The solenoid provides for efficient operation of the mail handling device, because
it does not require shutting down the device each time a stall occurs but rather attempts
automated resolution of the stall.
[0019] As shown in the perspective view of Figure 5, the nudger arm 39 further comprises
a lean detection arm 120 for detecting the position of the lead mailpiece 3a. Figure
6 illustrates a simplified perspective view of the nudger arm 39, nudger roller 37
and lean detection arm 120 configuration.

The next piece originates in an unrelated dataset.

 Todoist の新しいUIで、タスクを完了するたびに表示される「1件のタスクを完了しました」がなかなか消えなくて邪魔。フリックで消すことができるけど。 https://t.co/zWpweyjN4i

The lean detection arm 120 is positioned
between the first and second rows, 37' and 37" respectively, of nudger rollers 37.

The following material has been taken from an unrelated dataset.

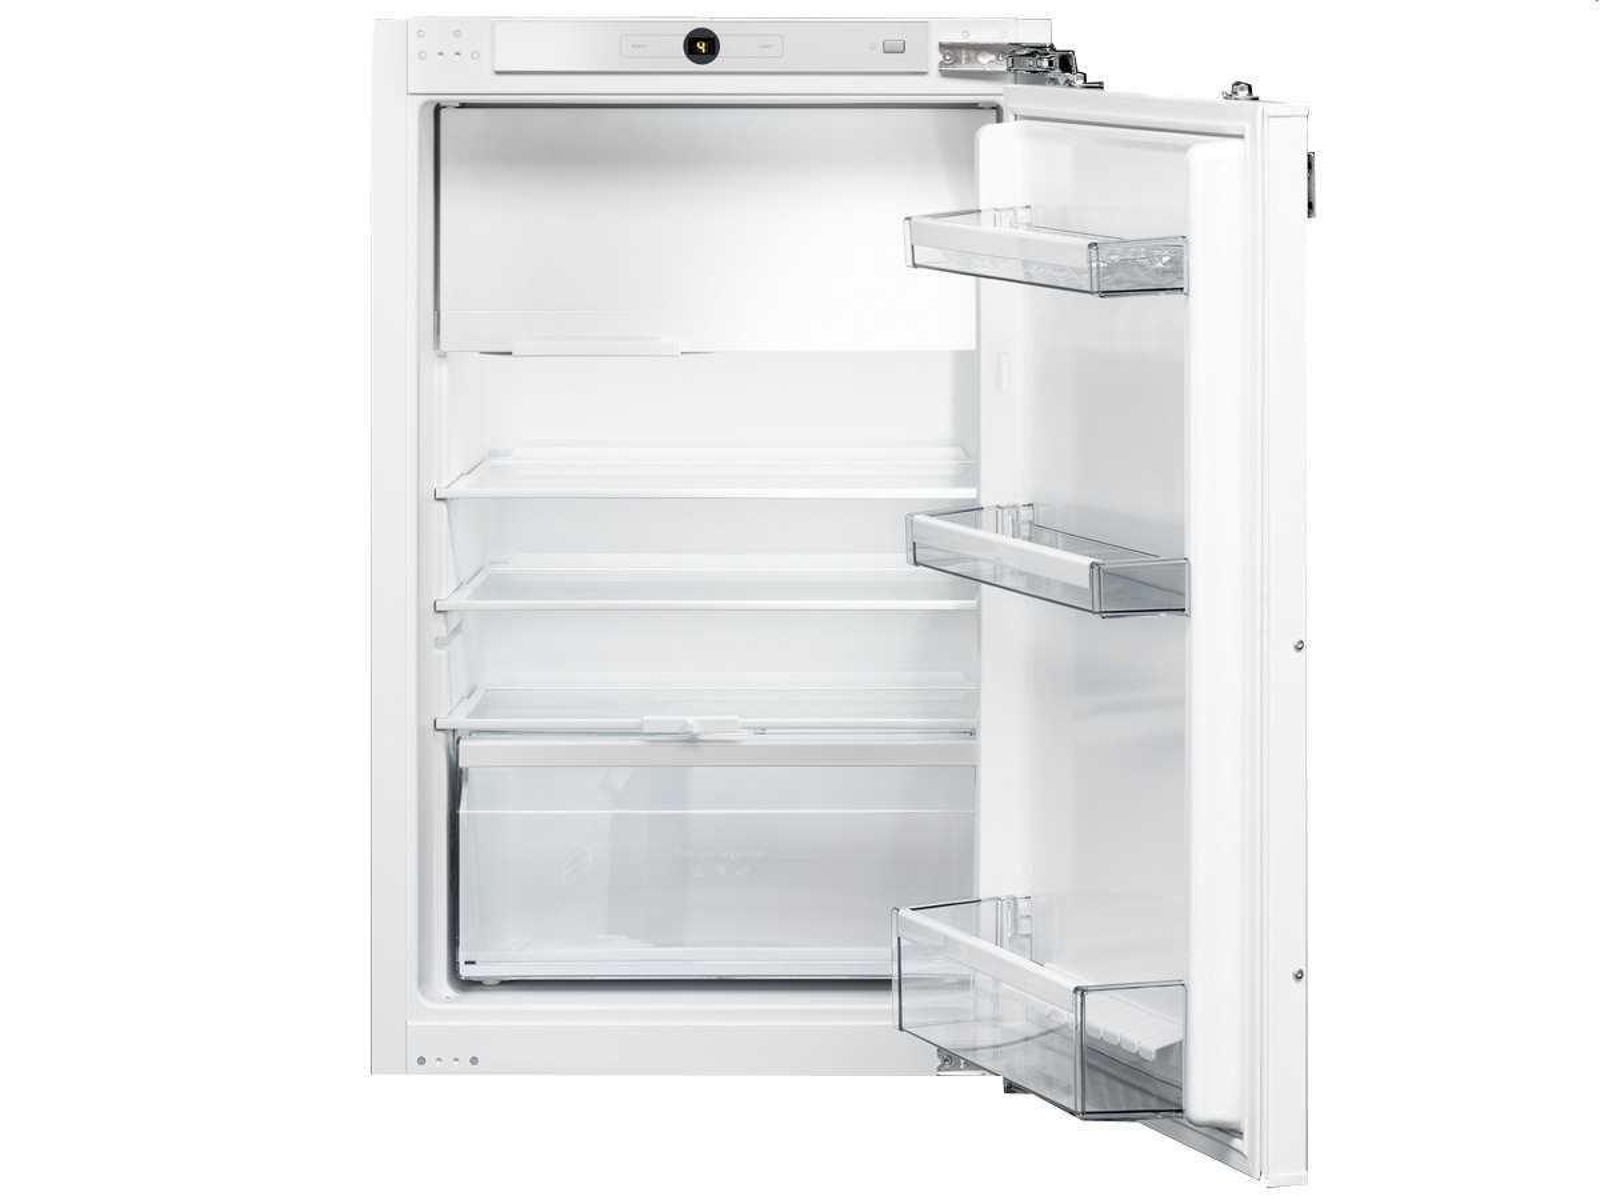 Smeg Kühlschrank Alternative : Smeg sid c einbaukühlschrank

The lean detection arm 120 is spring biased (not shown) in a counter clockwise direction
and is pivotally mounted about a conventional pivot structure 121 such that the arm
is movable being movable between an extended position and a compressed position of
the spring. Figure 7 illustrates a finger 124 projecting from the lean detection arm
120. The finger 124 aligns with a through-beam sensor 126 (lean detection sensor)

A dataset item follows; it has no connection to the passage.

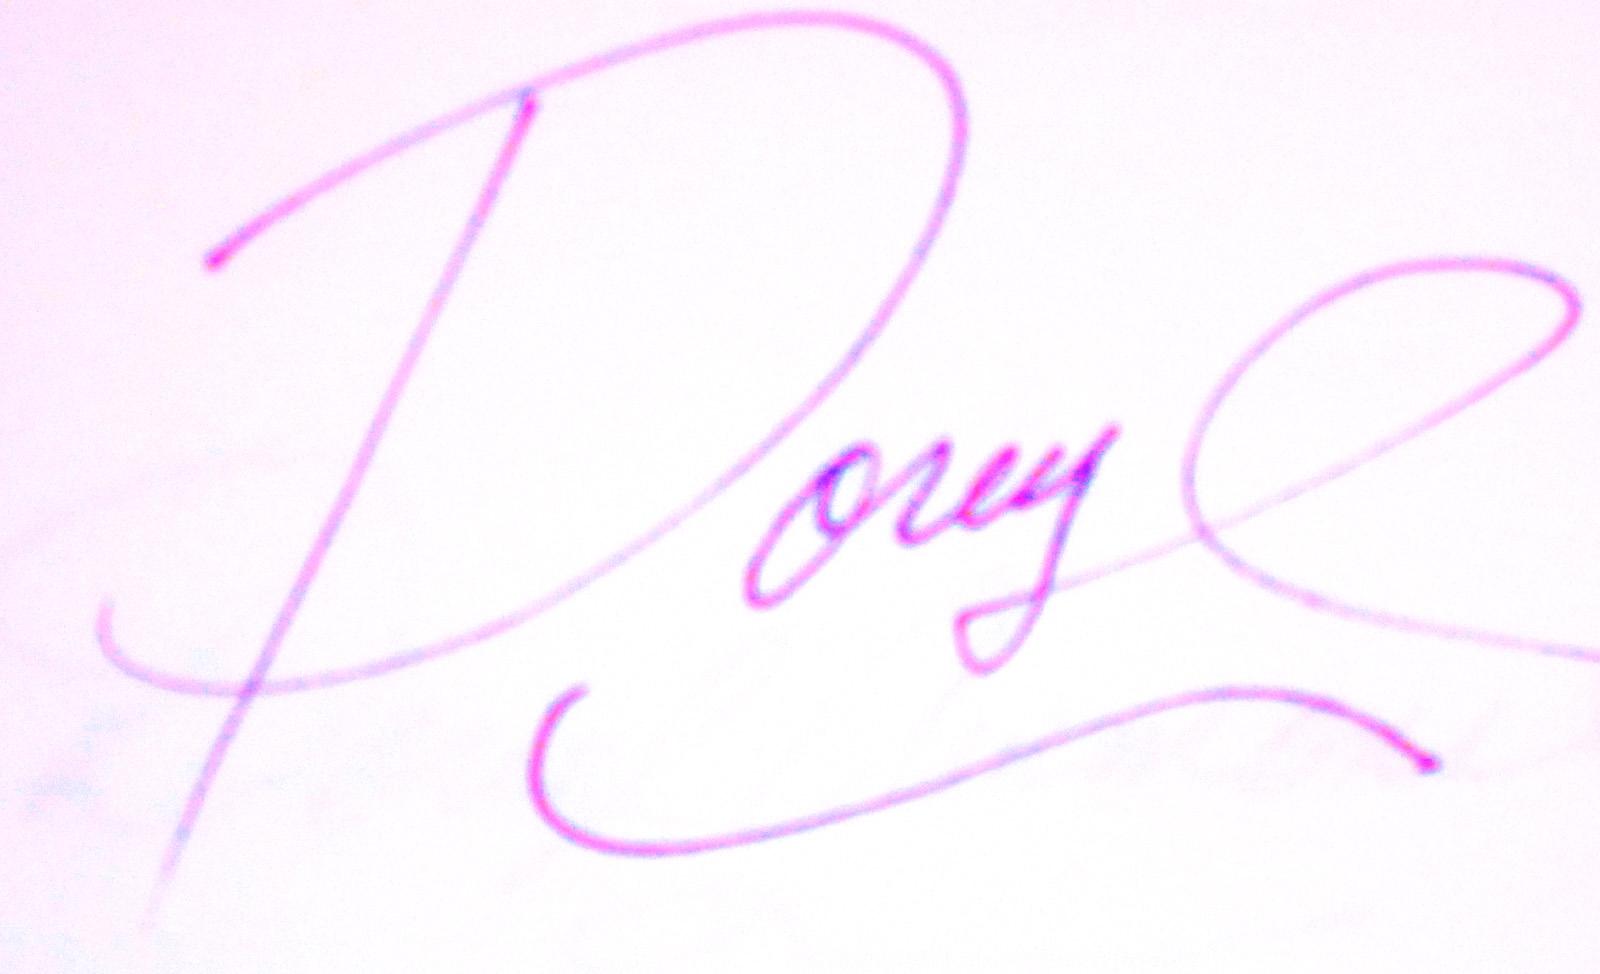 Doreyl Ammons Cain's Signature

mounted on the nudger arm 39 when the lean detection arm 120 is in the position where
it has been rotated clockwise, and the biasing spring has been compressed. In an alternate
embodiment, shown in Figure 8, the lean detection arm 120 and through-beam sensor
126 may be fixedly mounted, for example, on table 9 or other suitable adjacent stationary
portion of the mail handling device. When the through beam sensor is blocked by the
finger 124, a signal is sent to the controller indicating that the lead mailpiece
3a is in a preferred position, that is the lead mailpiece 3a has the proper lean for
feeding. In this embodiment, the maximum allowable lean angle that a mailpiece can
have with respect to the nudger wall 31 is dependent upon the position of the nudger
rollers 37. Whereas in the embodiment where the lean detection arm 120 pivot structure
is mounted on the nudger arm 39 (as shown in Figure 7), the maximum allowable lean
angle is independent of the position of the nudger rollers 37. Additionally, mounting
the lean detection arm 120 on the nudger arm 39, as illustrated in Figure 7, allows
for easier access to the lead detection arm, because the nudger arm 39 can swing outward
and away from the nudger wall 31.
[0020] The geometry of the lean detection arm 120 illustrated in Figure 9a, assists in the
detection and proper feeding of mailpieces of various sizes. The lean detection arm
120 comprises a first end 120' and a second end 120". The first end 120' is configured
for mounting with the conventional pivot structure 121. The second end comprises a
trigger point 119, a flag 124 and a ridge adjacent to the flag 124. The geometry provides
for more accurate detection of short mailpieces such as postcards and allows the mailpieces
to hold the lean detection arm 120 in the sensed position as they are being fed into
the separator or other downstream processing device. As they are being fed downstream,
the mailpieces 3 travel between the trigger point 119 and the ridge 125 causing the
normal force to be maintained against the lean detection arm 120. Additionally, the
geometry of the lean detection arm 120 (further illustrated in the right side view
of Figure 9b) allows for manual feeding of mailpieces 3 which may be slid into the
nudger area from behind the first end of the lean detection arm 120 or may be dropped
into the nudger area from above the lean detection arm 120. In either case, the angling
of the lean detection arm 120 allows the manual feeding without providing harsh edges
on the lean detection arm 120 which may catch and/or damage the mailpieces 3 or the
lean detection arm 120.
[0021] For proper feeding, the nudger arm 39 is preferred to be in a particular position
that allows the mailpieces 3 to be fed down stream without stubbing on downstream
devices such as the separator device 45 or on a guide plate 6 (shown in Figure 2).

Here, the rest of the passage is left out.